Secure Marketspace with Mike D'Agostino

Predicting the Next Regulatory Challenge for Financial Institutions

Wow - we've been part of quite a bit of quick decision-making recently. Financial institutions going out of business almost overnight, trillions of dollars being offered from the U.S. government in the blink of an eye, and the largest in the industry merging with and/or acquiring peer institutions within weeks. I can understand that possibly the U.S. economy and financial markets have been headed in this direction, or at least signs were pointing in this direction. However some of the now commonplace decisions and commitments made in the last two quarters have been comparable to, say, a special effects summer blockbuster movie.

When you think about just the decision-making process, though, you inevitably have to look at the timing of those decisions. Think about for a moment how one might respond to real physical danger. I'm talking about a situation where your actual life might be in jeopardy. During such a time period, every single move and thought becomes vital. Each decision can have a definitive impact on surviving. Wouldn't it be nice, though, during such an event, to be able to sit back for awhile, survey the area, perhaps do some research and inquire with a few experts how you might have the best chance to escape unharmed? Unfortunately, such activities are only possible when one is relaxed in their environment.

Put this in terms of regulatory issues that face financial institutions. There is absolutely no doubt that technology available and being utilized by financial institutions is becoming more and more varied and novel. The gap between financial institutions that are not technology-centric at all, compared to the most tech-centric institutions, is enormous. How do the regulatory agencies dictate rules and directions to not only cover all types of institutions utilizing technology on a considerable varying degree - AND account for the ever-expanding technology options?

So we can see a few key changes happening very quickly in the banking industry:

Technology is advancing very rapidly;
The number of institutions utilizing cutting-edge technologies is expanding;
The number of people utilizing online and mobile (person-not-present) banking is expanding.

I believe the banking industry and regulators are already in "bailout mode." This is where, as stated above, one is forced to make quick/reactive decisions to ensure survival. And while I don't think there is a feeling that "banking is broken," customer trust is absolutely paramount right now. And I think that trust is being focused more and more on automated, technology-based activities. Such as making sure that when someone is accessing their online bank account, that no one is stealing their password or something else dubious. This is a bit different than 25 years ago, when the trust was more about the face of the person you were handing physical cash to. Nowadays people may never go to their branch or see one person associated with their bank, however they know the bank's website like the back of their hand. And so it should become clear that, moving forward, trust will be about ensuring the customer's investments, data, and identity are protected - when they are not physically present.

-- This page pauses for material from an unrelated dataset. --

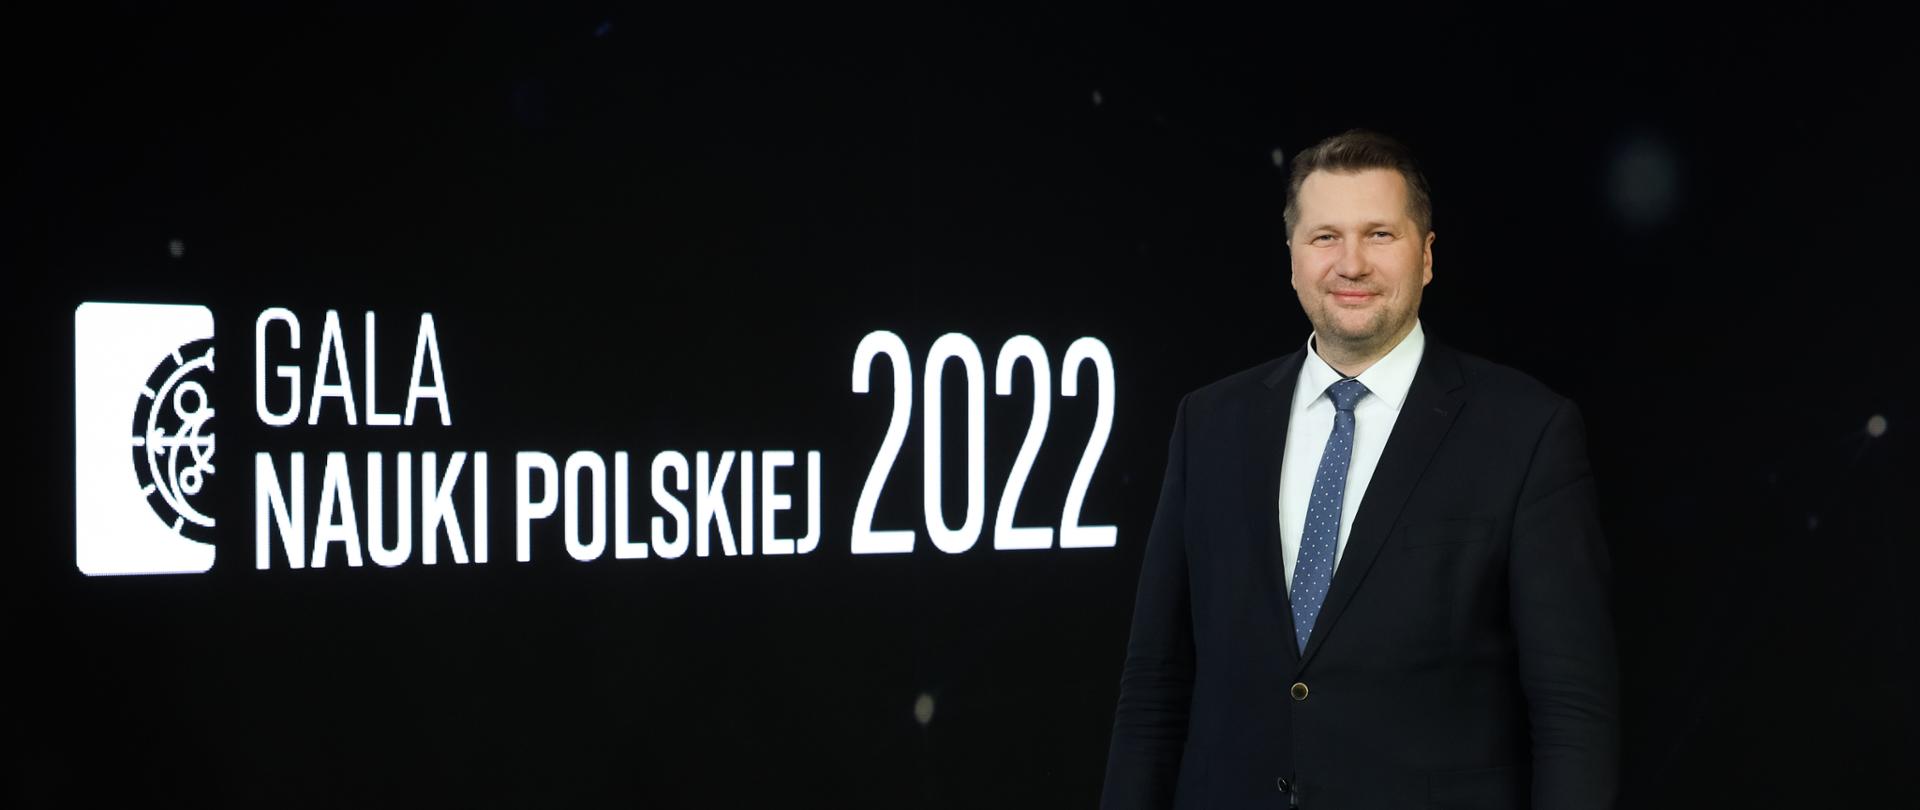 z prawej strony zdjęcia minister czarnek. Z lewej biały napis na czarnym tle gala nauki polskiej 2022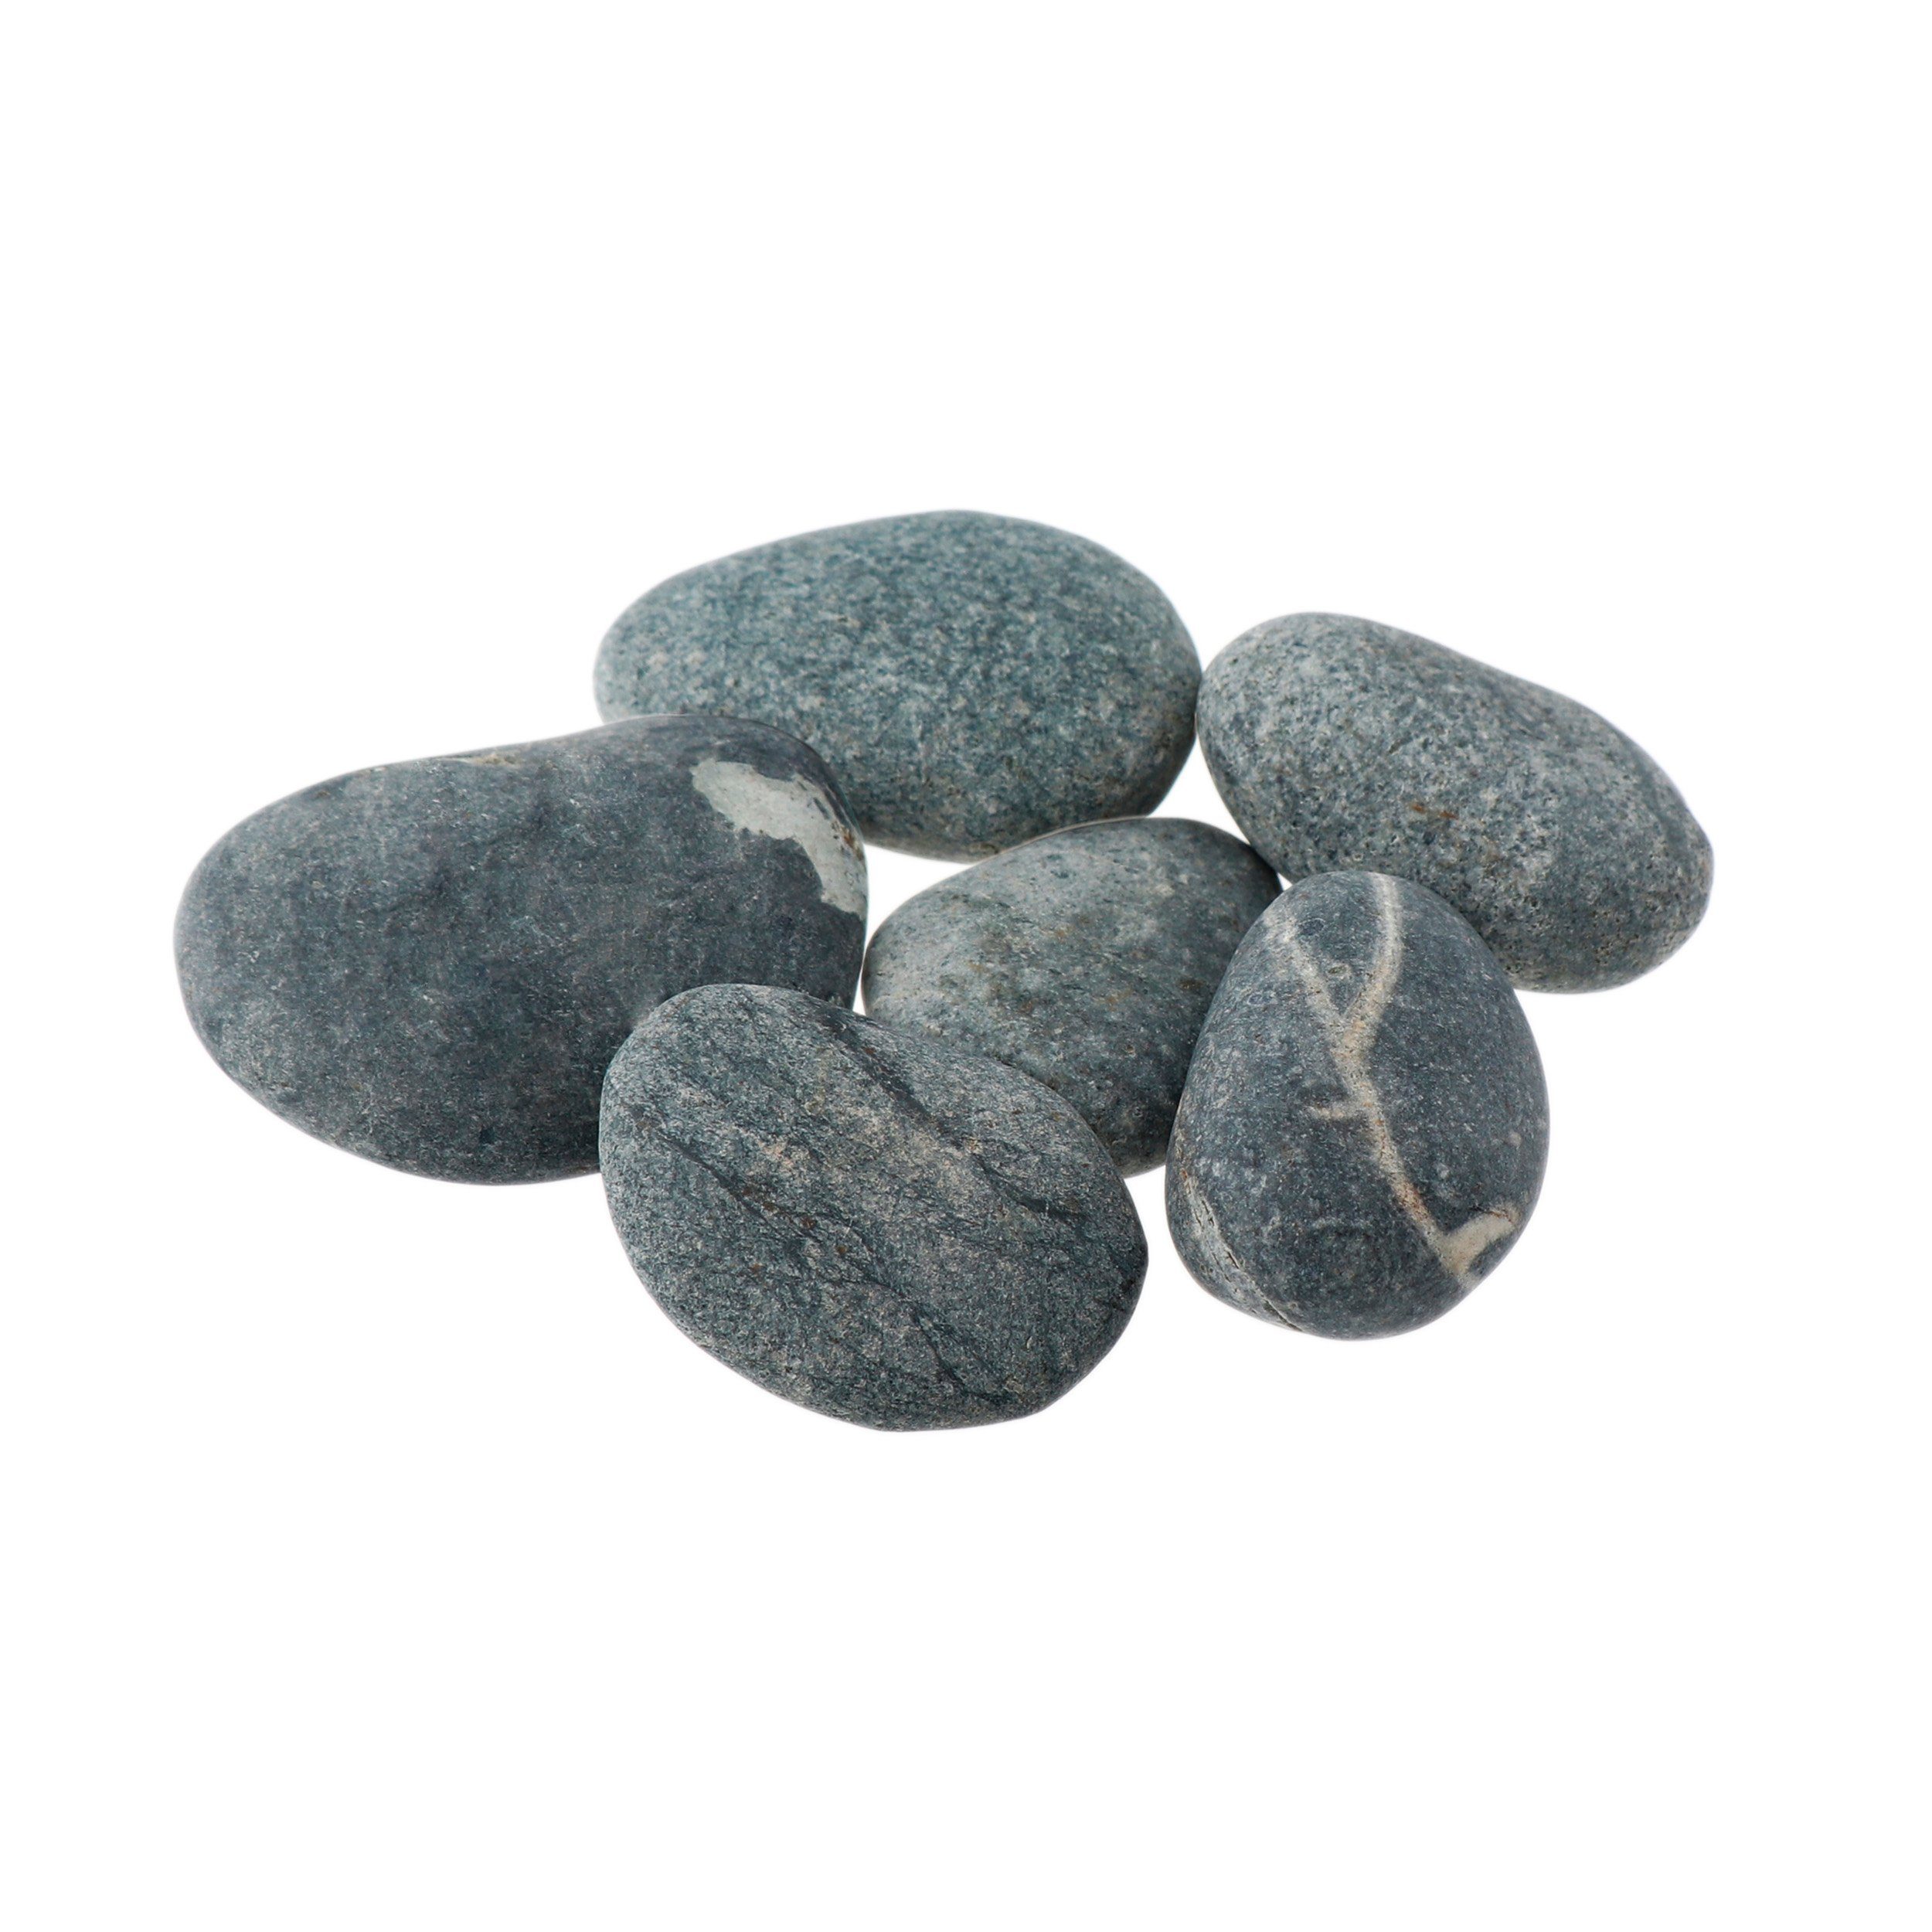 NKlaus Mineralstein 300g Hot Stone 50 - 60mm Massagesteine Wellness Entspannungsstein vulk

And again, I feel like regulatory agencies are playing catch-up at this point. The authentication guidance was good, and definitely seems like a minimum standard two years later, but it's not enough. I don't think the banking industry is where the automotive industry is quite yet, but is headed in that direction. In the automotive industry it seems absolutely clear that people, consumers, do not want gasoline and do not want to be dependent on anyone for fuel. The U.S. automotive industry (I would argue worldwide), has significant changes to make in the coming years. I'm saying fundamental changes, as in every single car developed that runs on gasoline would hopefully become obsolete in somewhat of a short time. Just to throw the term in one more time...the automotive industry is versioning into "2.0".

Will the same thing happen in the banking industry? Is the same thing already happening? Are the regulatory agencies merely responding at this point, as opposed to predicting and guiding? Do you foresee them responding more and more quickly in the short term?

I think so. I think we are already a ways down that path. Much of "banking" is no longer about handing physical cash or a check to a teller and saying high to the branch manager on the way out. Banking is now about gaining access to and utilizing your finances whenever, wherever you want - with confidence that said access would be as secure as if dealing with a real person face-to-face.

I haven't talked with anyone that says more regulatory oversight is not needed in the banking industry. In fact a majority of our audience agrees, according to a recent banking confidence survey we administered. And so to predict the next regulatory challenge is like saying that financial institutions need to be prepared to act quickly and adjust. I think we will see new guidelines being issued for some time, again in response to things that are already happening. This might mean more regulations related to online or non-present banking. Mobile banking and in general wireless data transmission seems like a technology target for criminals. And ensuring someone's identity seems paramount. I cannot foresee any of these things, though, acting as a silver bullet to combat overall fraud and ultimately a loss of money for individuals or institutions.

Instead, I think we see attacks getting worse. The size, scope, severity, and impact of technology-based fraud will continue to grow. Ultimately I think at some point banking may in fact become "broken," where that fundamental consumer trust is gone.

So for now, the next regulatory issue facing financial institutions will be one where the institution is forced to change their current program and adapt very quickly. This might mean one issue for one institution and a different issue for another. I believe it's inevitable, though, that we will see in the next 3-10 years a change so fundamental to banking that we will be looking back to the 1900's and laughing about the "old days."